Chip industry fears inadequate production as demand soars

lithography

Demand for microchips is rising rapidly, in part because of interest in AI. Customers but also manufacturers themselves fear that the current supply chain will not be able to meet the full demand.

Both microchip manufacturers and their customers are predicting an increase in demand for semiconductors over the next two years. That’s according to a Capgemini survey in which the company surveyed 250 manufacturing executives worldwide, in addition to 800 executives within customer companies.

An increase, but how much?

That there will be an increase, everyone agrees. How big that increase will be is less clear. Manufacturers expect demand to increase by about 15 percent, but customers think the increase in two years is more likely to be 29 percent.

GenAI is a major driver in the rising trend. NPUs are in high demand, as are powerful GPUs that enable LLM training. On top of that, workloads are increasingly memory-intensive. Large amounts of HBM and GDDR6 (and 7) memory will be needed. 79 percent of chip-dependent companies expect an increase in memory demand.

81 percent of downstream respondents also believe there will be more demand for custom chips. Among those surveyed, 34 percent are developing their own chips, or are at least considering the option.

AI is not the only driver behind the increasing demand. Data-intensive workloads, both in data centers and at the edge, require specialized chips that are preferably still as economical as possible. Energy efficiency, coupled with high but focused performance, are high on everyone’s wish list.

Geopolitical tensions

Along the customer side, 69 percent see geopolitical tensions as a major threat to supply chain reliability. Tensions between the U.S. and China play a major role in this regard. The trade war waged by the U.S. affects the availability of technology and materials.

52 percent of downstream organizations also see dependence on a limited number of suppliers as a downside. The report cites some examples of bottle necks: ASML in the Netherlands is the only supplier of EUV lithography machines, and rare materials come from regions with geopolitical disruptions. China, for example, has a lot of rare metals in its territory, and neon comes largely from Ukraine.

75 percent of organizations report that they are actively diversifying their suppliers. There are, of course, inherent limitations to what is possible. Consequently, only 40 percent indicate that their own supply chain is effectively resilient.

Complex challenge

The semiconductor industry faces significant challenges in meeting growing demand. Geopolitical tensions, dependence on a limited number of suppliers, and limitations in production capacity are the main obstacles.

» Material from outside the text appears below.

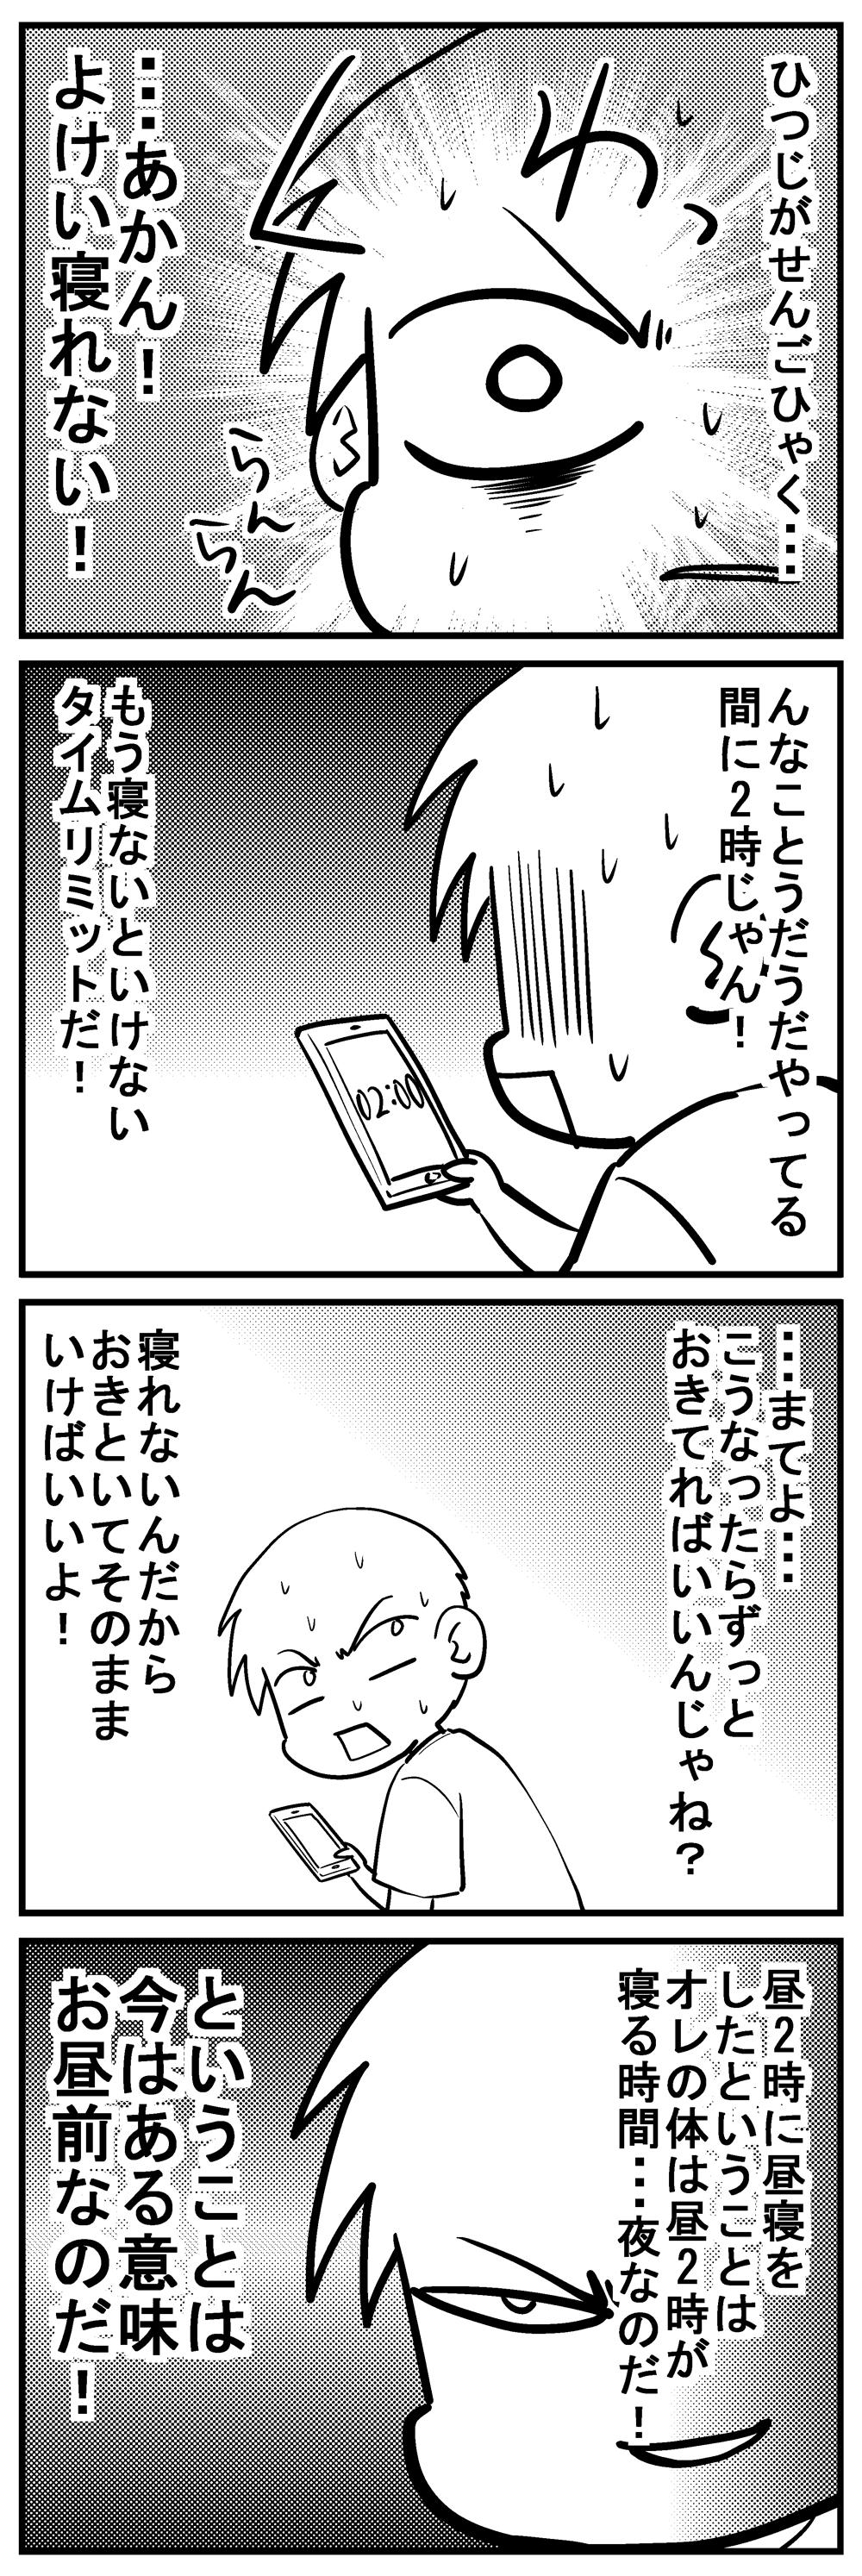 深読みくん67-3

Companies are trying to overcome this by investing in regional production capacity, supplier diversification, and innovative technologies, but that is easier said than done. Indeed, access to industry is limited, in part because of the immense cost. One EUV machine, for example, costs $150 million. That it will be difficult to match supply and demand over the next two years therefore seems a given.

Moreover, tightness in the chip industry is nothing new. Ever since the Corona pandemic , the industry has been struggling with shortages. The worst constraints have since been eliminated, but the pain points remain.